Once the Python is installed, you can create a virtualenv for MLflow and install mlflow package as follow (with conda):

conda create -q -n mlflow python=3.6
source activate mlflow
pip install -U pip
pip install mlflow

Next install reticulate package through R.

install.packages("reticulate")

reticulate allows R to call Python functions seamlessly. The Python package is loaded by the import statement. Calling to a function is through $ operator.

> library(reticulate)
> path <- import("os.path")
> path$isdir("/tmp")
[1] TRUE

As you can see above, it is very simple to call Python functions in os.path module from R with this package. So you can do the same thing with mlflow package by importing it and then call mlflow$log_param and mlflow$log_metric to log parameters and metrics for the R script.

Following R script builds a linear regression model with SparkR. You need SparkR package installed for this example.

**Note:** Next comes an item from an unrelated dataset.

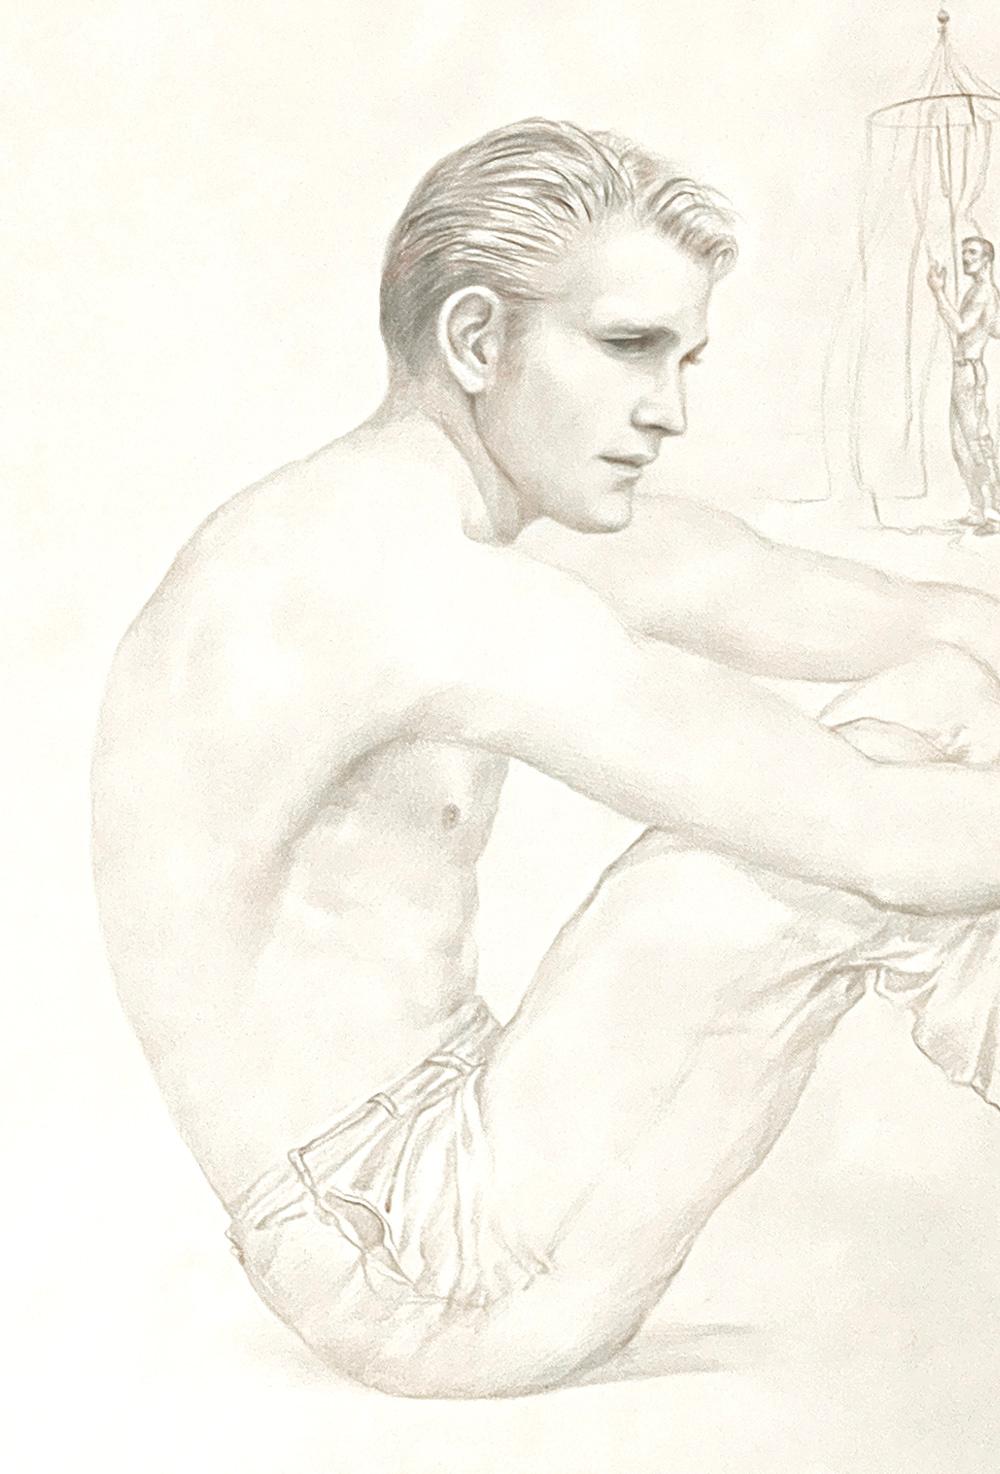 Eine seltene, frühe Zeichnung von John B. Lear zeigt einen gut aussehenden, nachdenklichen jungen Mann ohne Hemd, der am Strand sitzt und die Beine in die Arme genommen hat. Im Laufe seiner langen Karriere stellte Lear gerne nackte oder halbnackte

# load the reticulate package and import mlflow Python module
library(reticulate)
mlflow <- import("mlflow")

# load SparkR package and start spark session
library(SparkR, lib.loc = c(file.path(Sys.getenv("SPARK_HOME"), "R", "lib")))
sparkR.session(master="local[*]")

# convert iris data.frame to SparkDataFrame
df <- as.DataFrame(iris)

# parameter for GLM
family <- c("gaussian")

# log the parameter
mlflow$log_param("family", family)

# fit the GLM model
model <- spark.glm(df, Species ~ ., family = family)

# exam the model
summary(model)

# path to save the model
model_path <- "/tmp/mlflow-GLM"

# save the model
write.ml(model, model_path)

# log the artifact
mlflow$log_artifacts(model_path)

# stop spark session
sparkR.session.stop()

You can either copy the script to R or Rstudio and run interactively, or save it to a file and run with Rscript command. Make sure that the PATH environment variable includes the path to the mlflow Python virtualenv.

Once the script finishes, go to MLflow UI, the run is now showing and so it can be tracked. Here is a snapshot.

MLflow UI snapshot

In conclusion, this approach lets R users take benefit of MLflow Tracking component and track their R models in a quick way. I will show how R users can use the other two components (Projects and Models) of MLflow in future stories.